Classify birds acoustically with BirdNET-Pi

BirdNET-Pi is a real-time acoustic bird classification system designed for Raspberry Pi. It uses a USB sound card to pick up bird sounds, and classifies them locally using a pre-trained machine learning model. But the best bit is how the audio and visual data is shared around the world.

Product video by Core Electronics

Developer Patrick McGuire knows of at least fourteen countries with live BirdNET-Pi installations, from Australia to Austria and from South Africa to Scotland.

What you need to build your own bird classifier

A comprehensive installation guide is available.

BirdNet-Pi installations around the world

Once you have everything set up, you need to join BirdWeather. It’s a “living library of bird vocalisations”, and lets you travel a map of the world looking and listening in to whatever species are in the area.

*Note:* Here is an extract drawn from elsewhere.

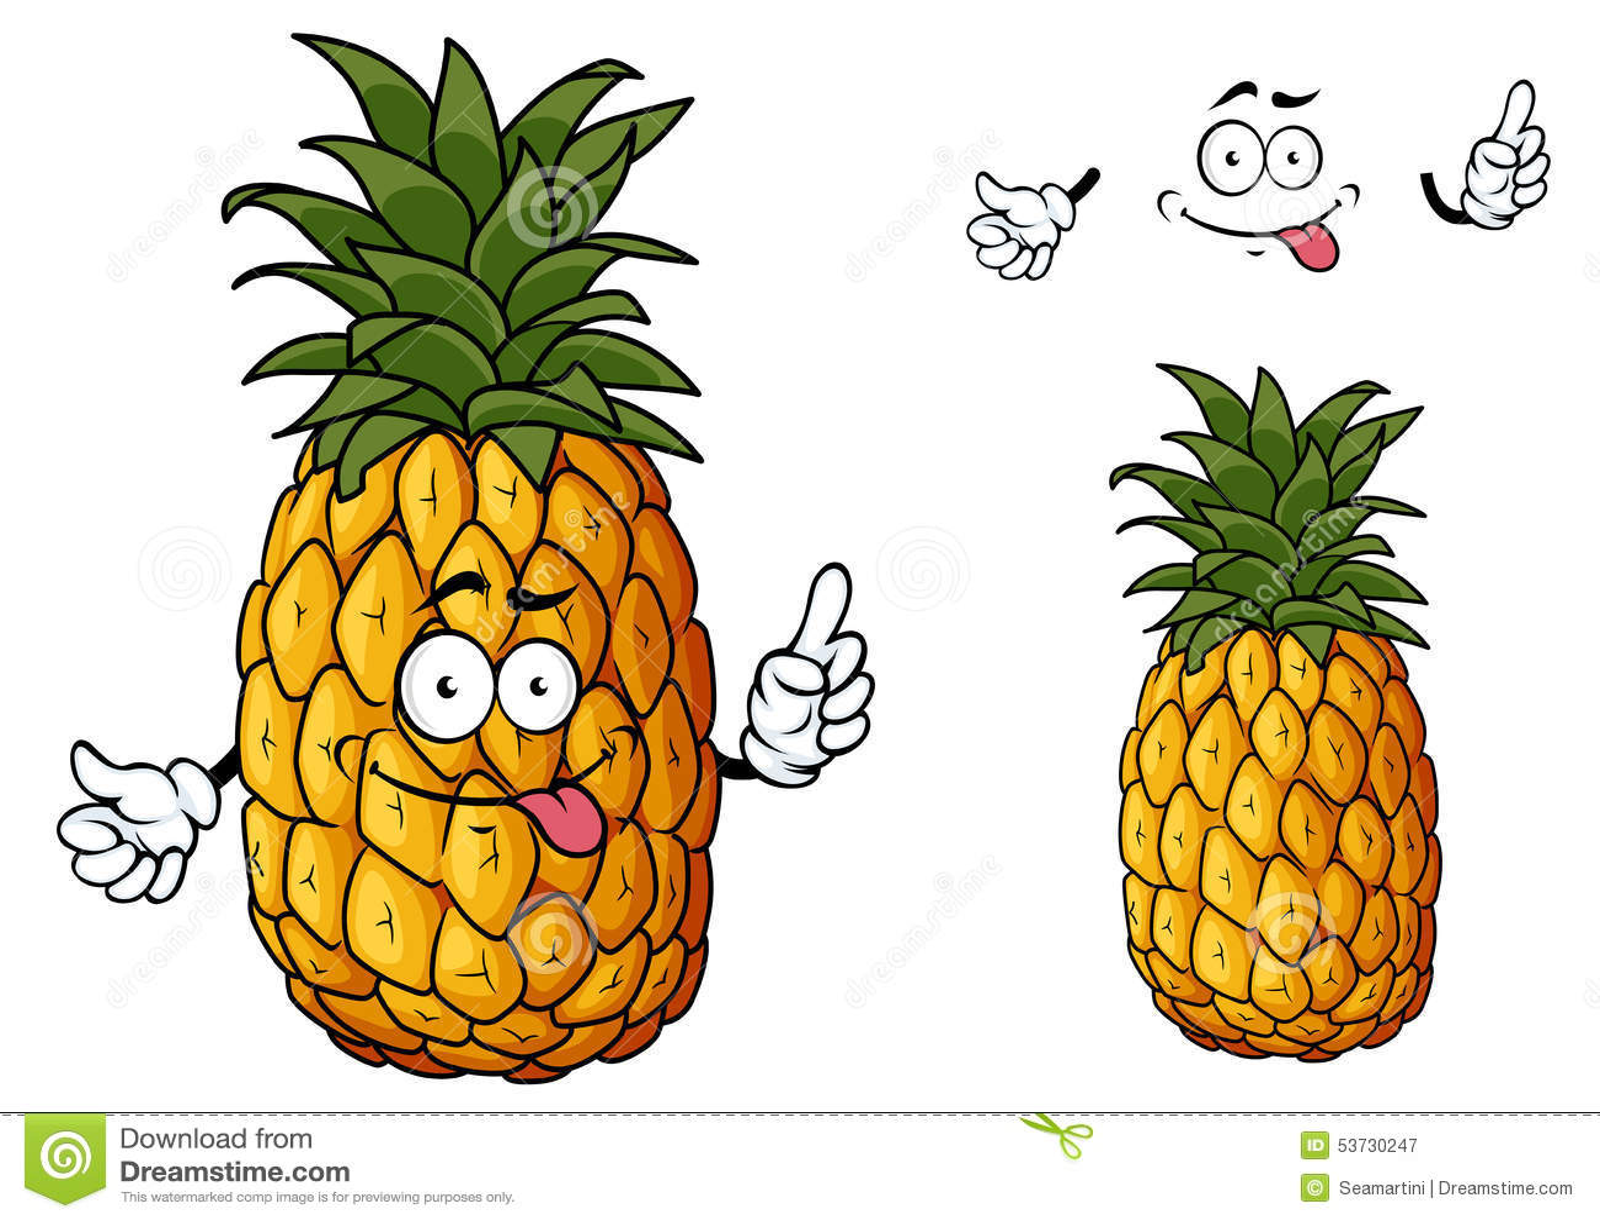 ... Cartoon Pineapple Fruit Waving A Hand Stock Vector - Image: 53730247

BirdNET screen shot with a squirrel
When we stopped by Brownsville in Maine, US, we caught a particularly squirrely species of bird

Simply scroll around the world map to see where BirdNET-Pi installations are live. Some setups only share acoustic data, which you can click to listen to, but lots also share live video.

We took the BirdWeather express to Laikipia in Kenya and saw another wingless species which looked a lot like a monkey. However, we do like monkeys, and we could also hear scores of birds calling out over the video’s audio.

BirdNET-Pi spots a monkey
Is it wrong that we enjoy using BirdWeather to spot things that AREN’T birds?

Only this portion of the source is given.